The accompanying drawings, which are incorporated herein and constitute a
part of this specification, illustrate several aspects of the invention
and together with the description, serve to explain the principles of the
invention. In the drawings,
FIG. 1 is a perspective view of an apparatus, constructed in accordance
with the principles of the present invention, for activating or
deactivating electronic article surveillance markers;
FIG. 2 illustrates a deactivating mechanism incorporated within the
apparatus of FIG. 1;
FIG. 2A illustrates a deactivating mechanism incorporated within the
apparatus of FIG. 1 with the carriage in the rest position;
FIG. 3 illustrates an enlarged perspective back view of the deactivating
mechanism of FIG. 2;
FIG. 3A illustrates a front view of the deactivating mechanism of FIG. 3;
FIG. 4 provides another perspective view of the deactivating mechanism of
FIG. 2;
FIG. 4A provides a perspective view of another embodiment of the
deactivating mechanism constructed in accordance with the principles of
the present invention; and
FIG. 5 illustrates another apparatus for activating and deactivating
electronic surveillance markers that is constructed in accordance with the
principles of the present invention.
DETAILED DESCRIPTION OF THE INVENTION
FIG. 1 illustrates an electronic surveillance marker
sensitizer/desensitizer 20 constructed in accordance with the principles
of the present invention. Generally, the sensitizer/desensitizer 20
includes a housing 22 defining a cradle 24 adapted for receiving an
article carrying a surveillance marker (shown in ghost lines at 28)
desired to be activated or deactivated. The sensitizer/desensitizer 20 is
activated by control panel 30 having one or more buttons or other devices
that interface with control circuitry for controlling the operation of the
unit. Those skilled in the art will recognize that a variety of known
software or hardware driven approaches can be employed to control the
operation of the unit.
In use of the sensitizer/desensitizer 20, an article (shown as book 26,
though it could be magnetic or optical media, a container, or any other
article of interest) is first placed in the cradle 24 of the housing 22.
The sensitizer/desensitizer 20 is then activated via the control panel 30.
During the deactivating process, the article typically remains
substantially stationary with respect to the housing 22. After the
deactivating process has been completed, the article can be removed from
the cradle 24 and replaced with a subsequent article having a marker
desired to be deactivated.
The sensitizer/desensitizer 20 is preferably adapted to activate or
deactivate a variety of different articles, such as books, magnetic media,
and compact discs, either sequentially or simultaneously. Such articles
often have surveillance markers mounted at significantly different
locations. For example, as shown in FIG. 2, the expected position of a
marker 28 on a book 26 is along the spine of the book 26. In contrast, the
expected position of a marker 29 on a compact disc 32 is on the face of
the compact disc 32, and the compact disc may have more than one marker.
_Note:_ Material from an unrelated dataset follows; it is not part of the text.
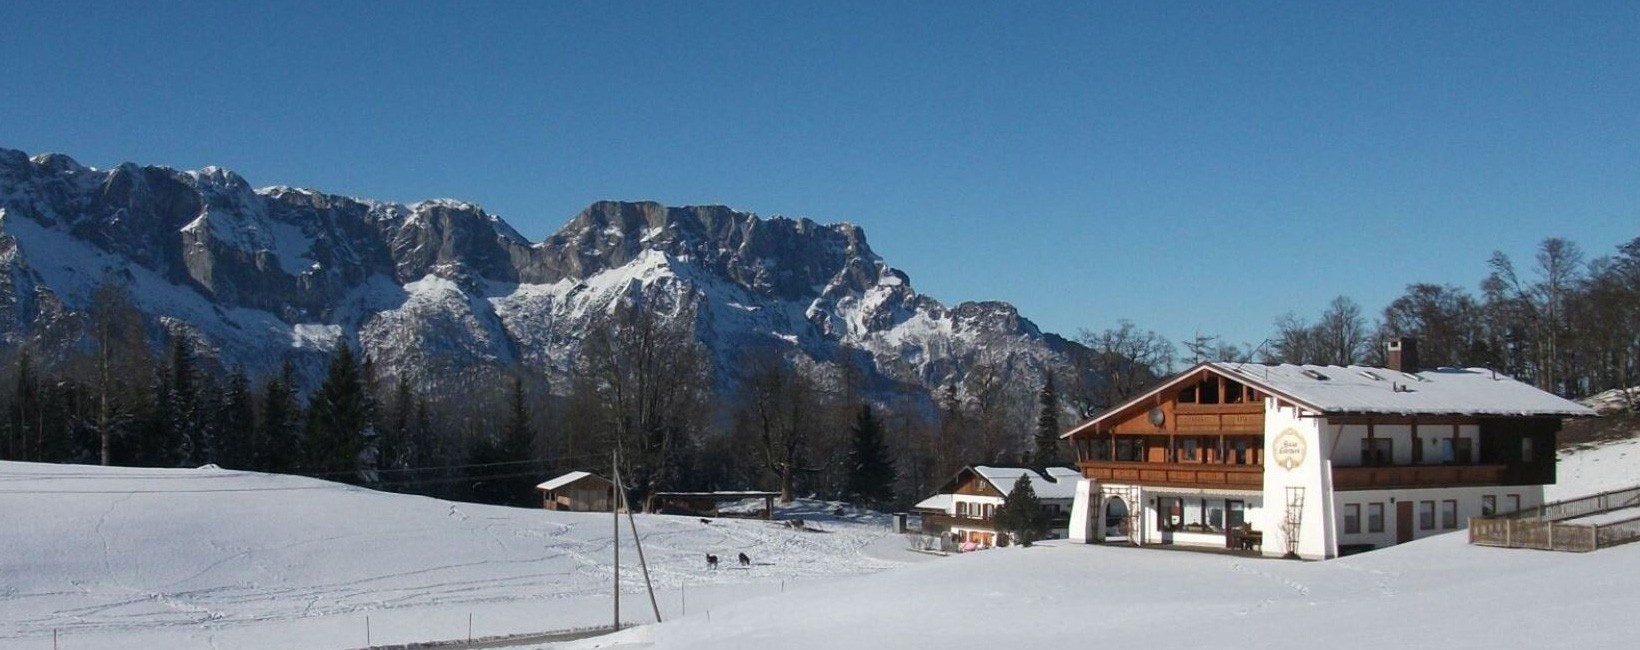 Feriewohnungen Lärcheck Berchtesgaden Haus im Winter

As will be described in greater detail later in the specification, the
sensitizer/desensitizer 20 preferably includes structure for allowing the
unit to deactivate surveillance markers positioned at different locations
on various articles. Such a function is preferably achieved without
requiring a user of the sensitizer/desensitizer 20 to move the article
relative to the unit.
The housing 22 of the sensitizer/desensitizer 20 has a front face 34 that
is generally inclined. The cradle 24 is formed in the front face 34 of the
sensitizer/desensitizer 20 and includes a generally horizontal platform 36
adapted for supporting an article such as the book 26 or the compact disc
32. The platform 36 adjoins a guide wall 38 at a rear edge 39 of the
cradle 24. The guide wall 38 projects upward from the platform 36. In one
embodiment, the platform 36 is tilted between five degrees and twenty
degrees relative to the horizontal plane, thereby urging the article on
the platform 36 toward the guide wall 38. Further, in this embodiment, the
angle between the platform 36 and guide wall 38 at rear edge is between
eighty and one hundred and twenty degrees. The cradle 24 further includes
oppositely disposed generally triangular first and second end walls 40 and
41 that are preferably transversely aligned with respect to both the
platform 36 and the guide wall 38.
FIGS. 2 through 4A illustrate a desensitizing arrangement positioned within
the housing 22 generally adjacent to the cradle 24. The desensitizing
arrangement includes a carriage 44 having a generally L-shaped
configuration. The L-shaped configuration allows for markers located
adjacent the platform 36 or guide wall 38 to be deactivated. The carriage
44 includes first and second legs 46 and 48 aligned substantially at right
angles with respect to one another. The first leg 46 is substantially
horizontal and is positioned directly below the platform 36 of the cradle
24, and the second leg 48 is substantially vertical and is disposed
directly behind the guide wall 38 of the cradle 24. The legs are
preferably oriented at the same angles as the cradle and guide wall, and
are sufficiently close thereto to carry the magnets described below in
close proximity to those surfaces.
First and second magnets 50 and 52 are connected, secured, or otherwise
mounted on the first and second legs 46 and 48, respectively, of the
carriage 44. As shown in FIG. 2, the first and second magnets 50 and 52
each have an elongated, generally rectangular shape and are mounted within
elongated, generally rectangular channels defined by the first and second
legs 46 and 48.
As positioned on the carriage 44, the first magnet 50 has a top face 54
that is substantially horizontal and is positioned directly below the
platform 36 of the cradle 24. The first magnet 50 also includes a bottom
face 56 that is opposite the top face 54. The second or vertical leg 48 of
the carriage 44 is oriented such that the second magnet 52 extends
generally perpendicularly to the first magnet 50 and has a front face 58
that is directly adjacent and substantially parallel to the guide wall 38
of the cradle 24. The second magnet 52 has a back face 60 that is opposite
the front face 58.
The first and second magnets 50 and 52 are preferably permanent magnets
each having opposite poles. Preferably, the first magnet 50 has a first
pole at the top face 54 and a second pole at the bottom face 56, while the
second magnet 52 preferably has a first pole at the front face 58 and a
second pole at the back face 60. For example, the top and front faces 54
and 58 of the first and second magnet 50 and 52 can comprise the north
poles of such magnets, while the bottom and rear faces 56 and 60 can
comprise the south poles of such magnets. However, the respective
polarities of the pair of magnets 50 and 52 could be reversed without
adversely affecting the operation of the desensitizer.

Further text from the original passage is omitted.